Microbial products in the bowel are deeply involved in HCC pathogenesis. Bacterial products from the gut microbiota can directly or indirectly damage DNA through the pro-duction of ROS ^[56][57][78,79]. The altered composition of the gut microbiota may be one of the mechanisms underlying the action of aflatoxin and other mycotoxins as powerful inducers of HCC ^[58][80]. In addition to gut microbial products, several studies have incriminated specific gut microbiota in association with HCC. Enterococcus faecalis is increased in HCV-induced HCC development ^[59][81]. A similar study showed a significant increase in Enterococcus species in patients with viral and alcoholic cirrhosis leading to HCC ^[60][82]. Microbiotas also interfere with bile acid metabolism, contributing to HCC development. Bile acid metabolites, produced by the gut microbiota, can cause inflammation, ROS overproduction and a reduction in apoptosis in the liver, finally leading to the development of HCC. Moreover, they can modulate the function of liver immune cells, affecting HCC progression. They can also indirectly contribute to the activation of the TLR4 receptor in hepatocytes and Kupffer cells. Bile acids increase gut permeability, acting on the tight junctions, and allow for an increased transportation of LPS to the liver, thus promoting angiogenesis and the downregulation of tumor suppressor miRNAs ^[61][83].

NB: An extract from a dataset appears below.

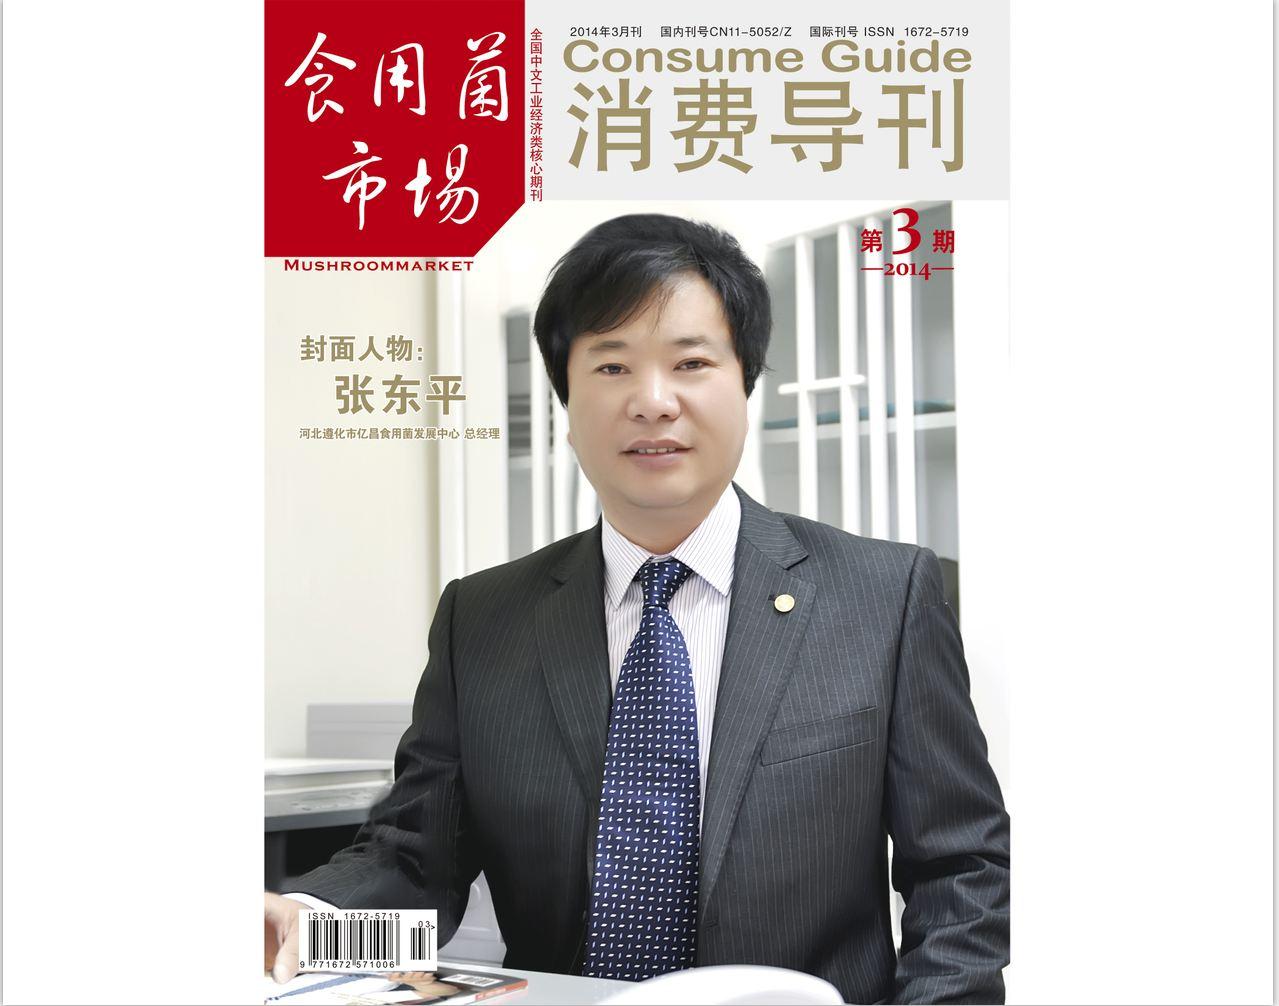 亿昌菌业-2014《食用菌市场》第3期封面-张东平(2014.03.05)-1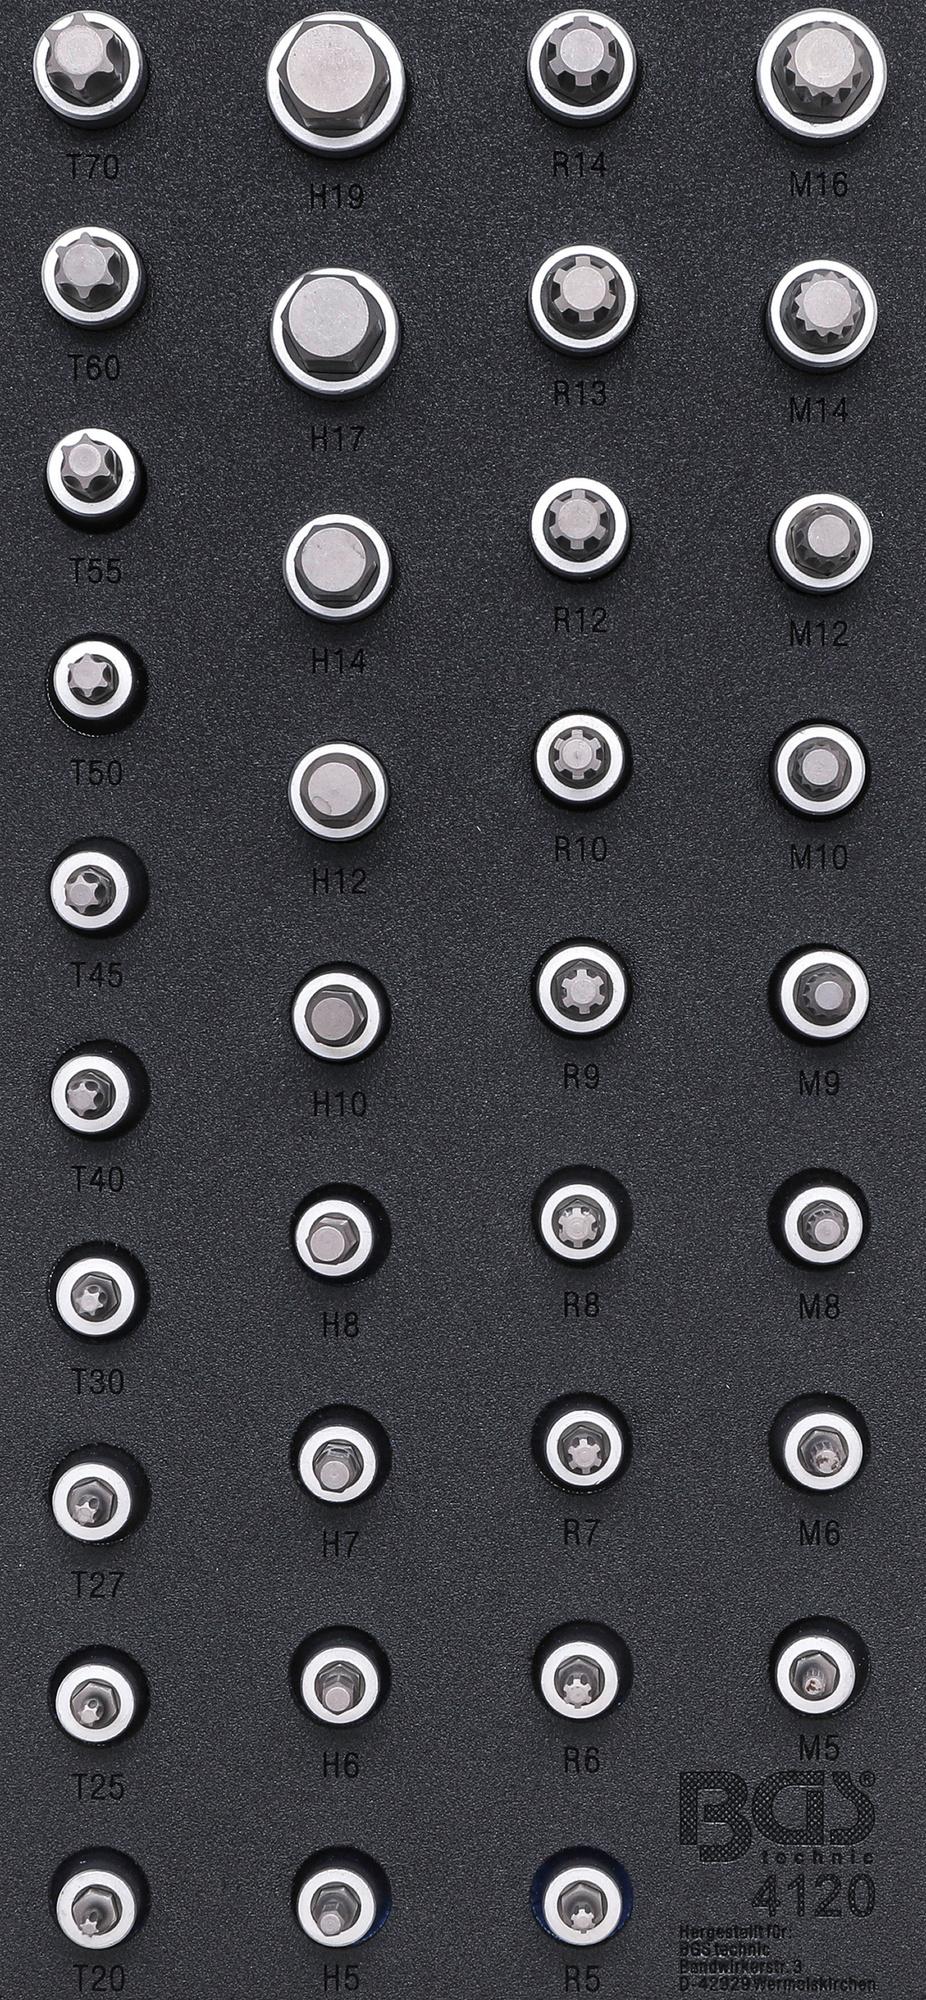 """BGS DIY 4120 Satz Biteinsätze Antrieb Innenvierkant 12,5mm (1/2"""") Innensechskant T-Profil (für Torx) Innenvielzahn (für XZN) Keil-Profil (für RIBE) Werkstattwageneinlage 1/3"""

Ca²⁺ is present in various cell compartments transported among them by transporters and exchangers, collectively known as the Ca²⁺ transportome. The impairment of the Ca²⁺ transportome contributes to HCC initiation, the formation of metastatic cells and reduction in cell death ^[62][84].

These two critical parameters in the initiation and progress of HCC are analyzed separately. Two very informative reviews on the pathogenesis of HCC have been recently published ^[7][16][5,38].

Detailed pathophysiological factors implicated in HCC pathogenesis, including gene mutation and epigenetic changes, have been recently reviewed ^[63][85].